Vicriviroc in combination therapy with an optimized regimen for treatment-experienced subjects

48-Week results of the VICTOR-El phase 2 trial

Jamal Suleiman, Barry S. Zingman, Ricardo Sobhie Diaz, Jose Valdez Ramalho Madruga, Edwin Dejesus, Jihad Slim, Carmen Mak, Erin Lee, Michael C. McCarthy, M. Dunkle, Sharon Walmsley

Research output: Contribution to journalArticle

38 Citations (Scopus)

Abstract

Background. Agents that block the CCR5 coreceptor for human immunodeficiency virus (HIV) have demonstrated potent antiretroviral activity. In early clinical studies, the CCR5 antagonist vicriviroc proved to be a safe and effective component of combination antiretroviral therapy. Methods.
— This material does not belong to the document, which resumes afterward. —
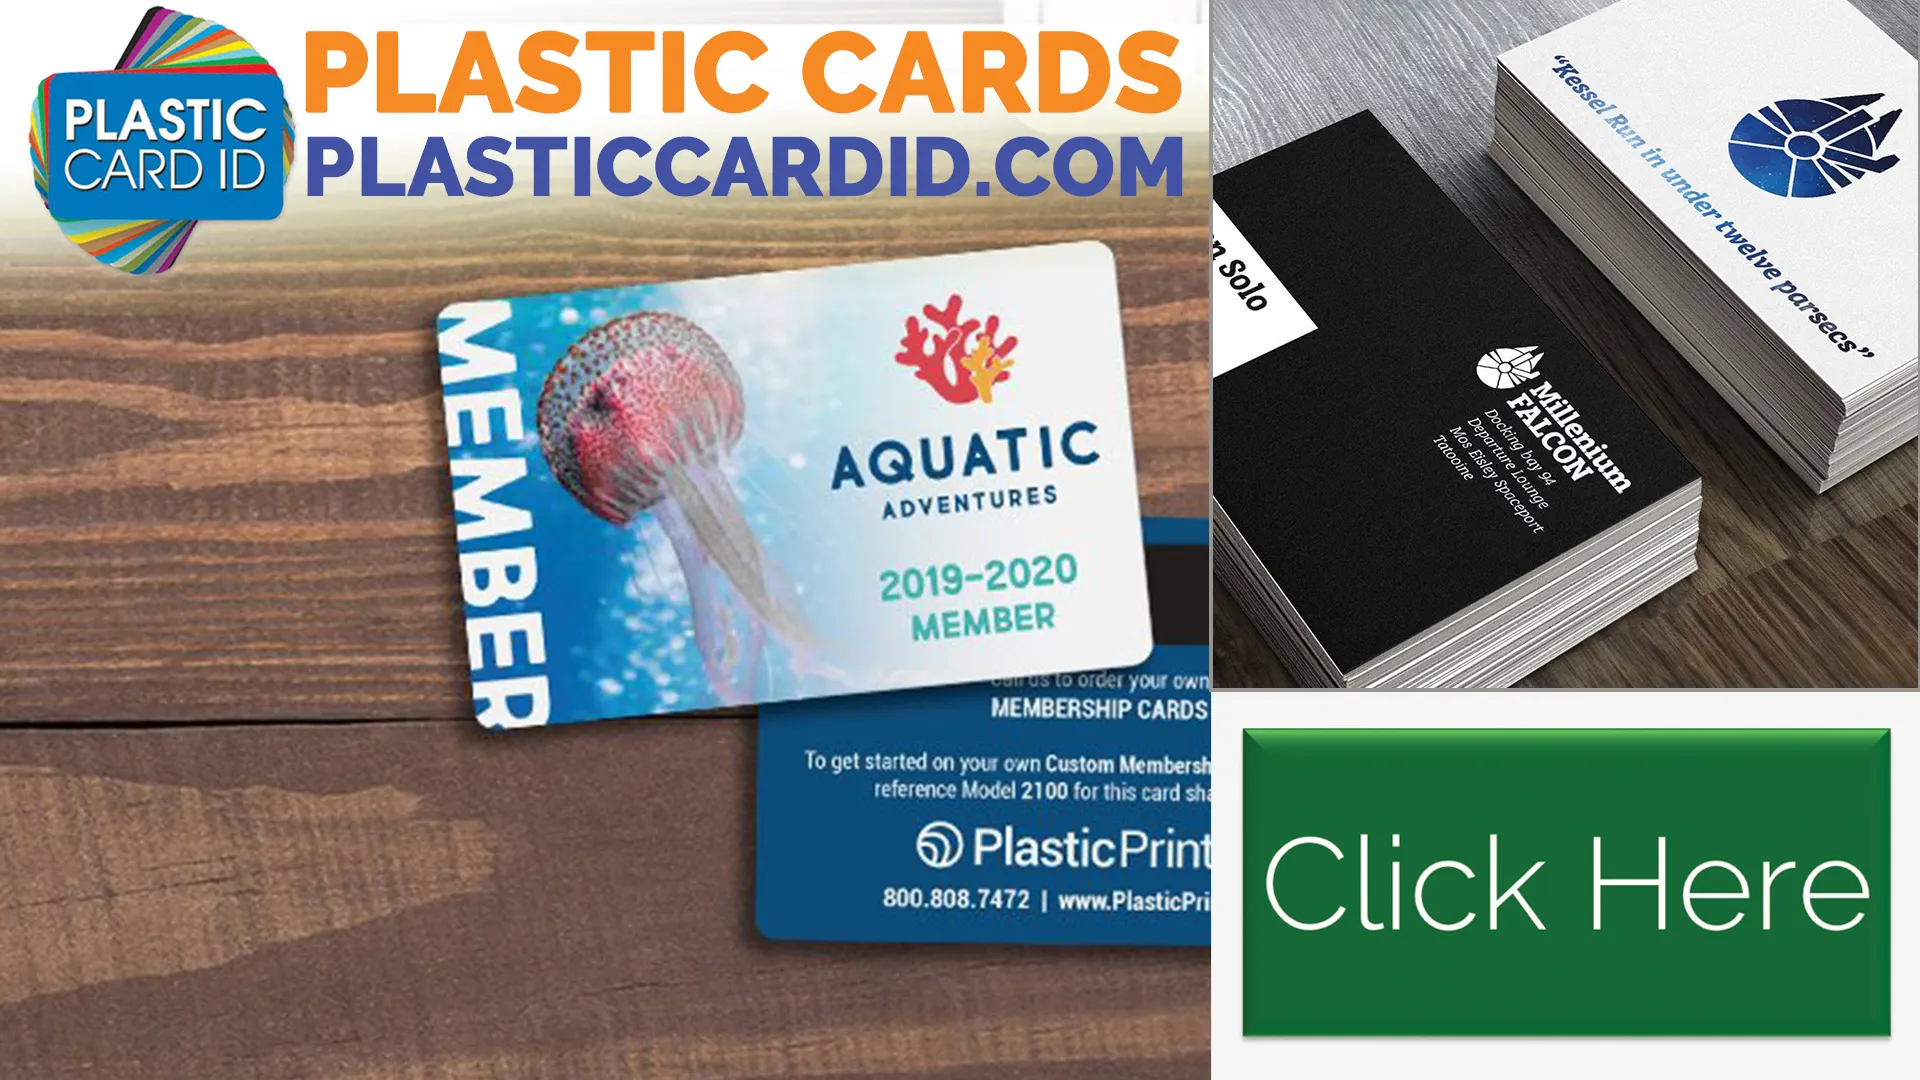 Embrace the Wide Array of Plastic Card Uses

This double-blind, dose-ranging, phase 2 trial randomized subjects to receive 30 mg or 20 mg of vicriviroc or placebo once daily plus re-optimized background therapy containing a protease inhibitor with ritonavir. Subjects were adults infected with CCR5-tropic HIV who were experiencing failure of triple antiretroviral regimens. The primary end point was mean change in baseline log10 HIV RNA level at 48 weeks, based on an intent-to-treat analysis. Results. One hundred fourteen persons received vicriviroc at 30 mg (n = 39), vicriviroc at 20 mg (n = 40), or placebo (n = 35). The mean change in baseline HIV RNA level at week 48 was -1.77 log10 copies/mL for 30 mg of vicriviroc and -1.75 log10 copies/mL for 20 mg of vicriviroc, compared with -0.79 log10 copies/mL for placebo (P = .002 and P = .003, respectively, compared with placebo). Mean CD4 counts increased by 102, 136, and 63 cells/mm3 for 30 mg vicriviroc, 20 mg vicriviroc, and placebo, respectively (P = .260 and P = .039, respectively, compared with placebo). Rates of adverse events (mostly mild-to-moderate) were 111.4, 112.5, and 147.4 events per 100 subject-years, respectively. Conclusions. Vicriviroc administered with a protease inhibitor plus ritonavir-containing regimen shows potent antiretroviral and immunologic activity sustained over 48 weeks in treatment-experienced patients.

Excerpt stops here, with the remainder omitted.